Mine turned pink from the get-go. This is it's second year (last year). This year it's again gotten huge. Grows very fast.
chardie: thank you. that is encouraging. I should know fairly soon what mine will do. I have buds on the ends of almost every branch! I will post pictures when it blooms.
My SV bloomed the first year and started white then to pink. I love it. In the North East Coast it blooms later.
WOW! Dublinbay & Chardie, your Vanilla Strawberry hydrangeas are GORGEOUS! I have one too & can't wait for it to bloom. This is my 2nd year with it. Last year it bloomed so heavily that the young stems couldn't support the blooms. I bought it at our local nursery (it was a leftover there from the year before), & I'm thinking one of the employees may have weakened the stems by pruning it too severely. So I'm hoping for stronger stems this year.
Thanks for sharing your pictures of your wonderful hydrangeas!
does anyone know if the ph of the soil is important for this hydrangea?
I don't believe soil ph affects this hydrangea at all. It is a paniculata hydrangea. The macrophylla hydrangea are the ones that turn pink or blue depending on soil ph. The macrophylla hydrangea (and hydrangea arborescens Annabelle) also bloom that first half of the summer in my zone 6 (Kansas), whereas the paniculata hydrangeas bloom the second half of the summer. So if you have at least one of each, you will have hydrangeas blooming all summer and well into autumn.
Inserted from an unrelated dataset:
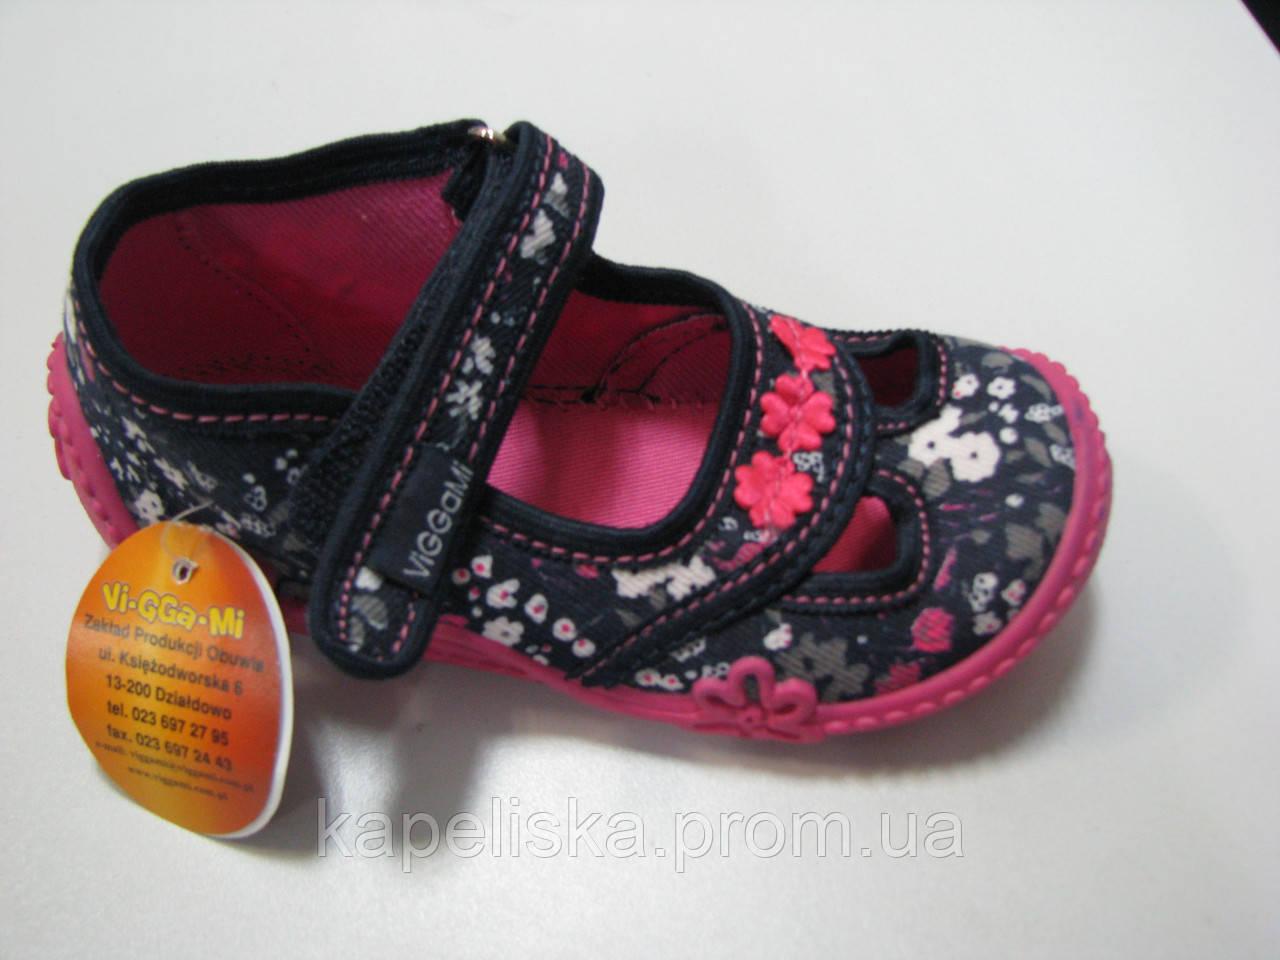 Viggami тапочки для девочки, босоніжки для дівчинки, 24 р,

Cool!
This post was edited by dublinbay on Wed, Jun 18, 14 at 15:14
kate.........thank you! I am learning so much about these lovely bushes. I will have blooms until autumn, wow! and my soil is very acidic so it is nice to know I can still gets pinks and whites........
Thank you all for sharing your experiences with these beauties! I love seeing the pictures. :o)
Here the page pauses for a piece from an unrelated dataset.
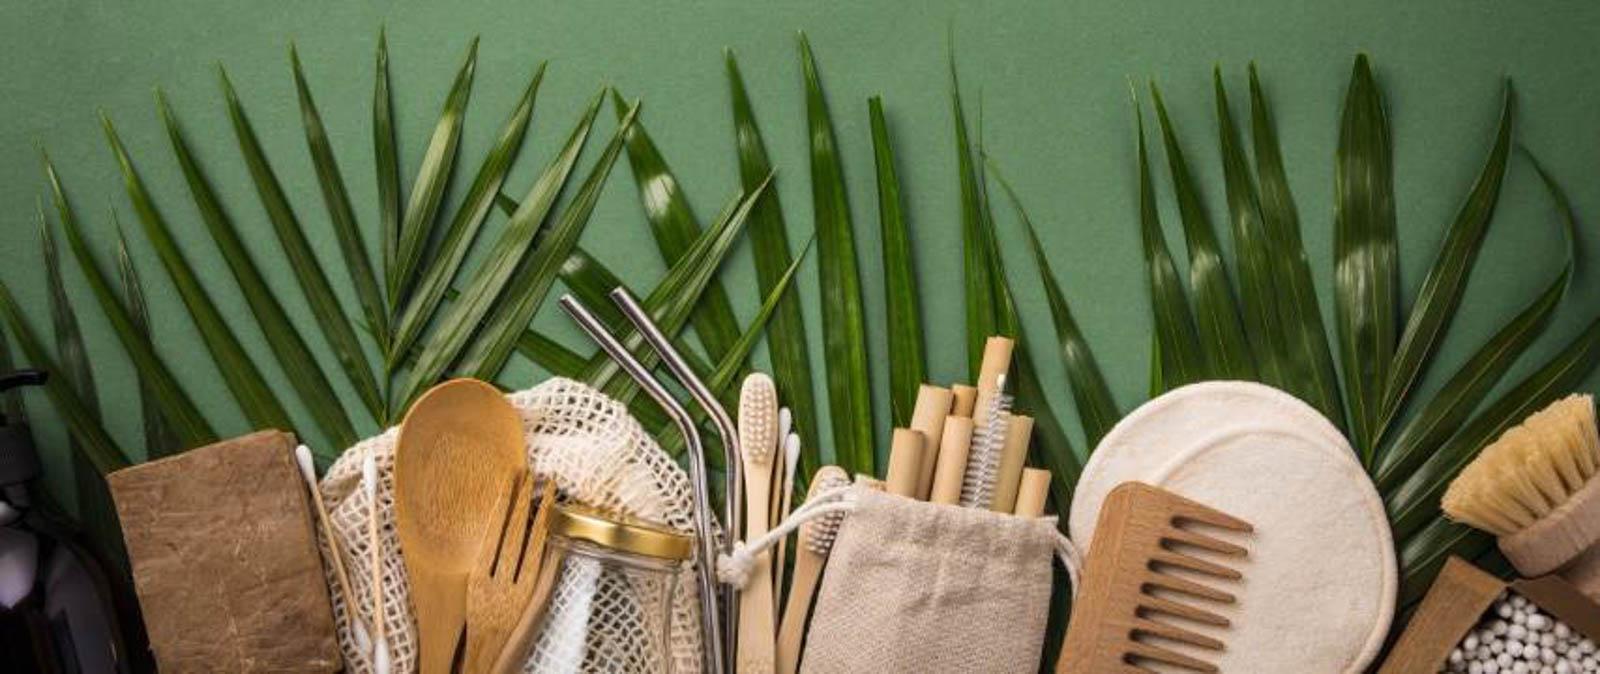 Bambus wird nicht nur als Baumaterial und Nahrungsmittel verwendet.

I planted two of these this spring- one on either side of our front door and I just love them. Can't wait to see blooms on them someday!
thegardenat902: please post pictures when they do..
Oh my goodness! It's worth the wait. I have three that will
bloom this year. Already, I know that I have to move them
to have more space for them to grow. Glad that you shared
pearlgirl: we hope you do too!
How big do they get? I got a 3 gallon last year and I planted it right next to the light post, which is about 6-7ft tall. I really hope it doesn't swallow up the light post... LOL
If it ever gets that tall you can trim back to about 2' in late Fall and it should take a year or more to get back to that height.
casagrande - I will most definitely post pictures! I'm so anxious for them to bloom! Fingers crossed for hopefully next summer. :o)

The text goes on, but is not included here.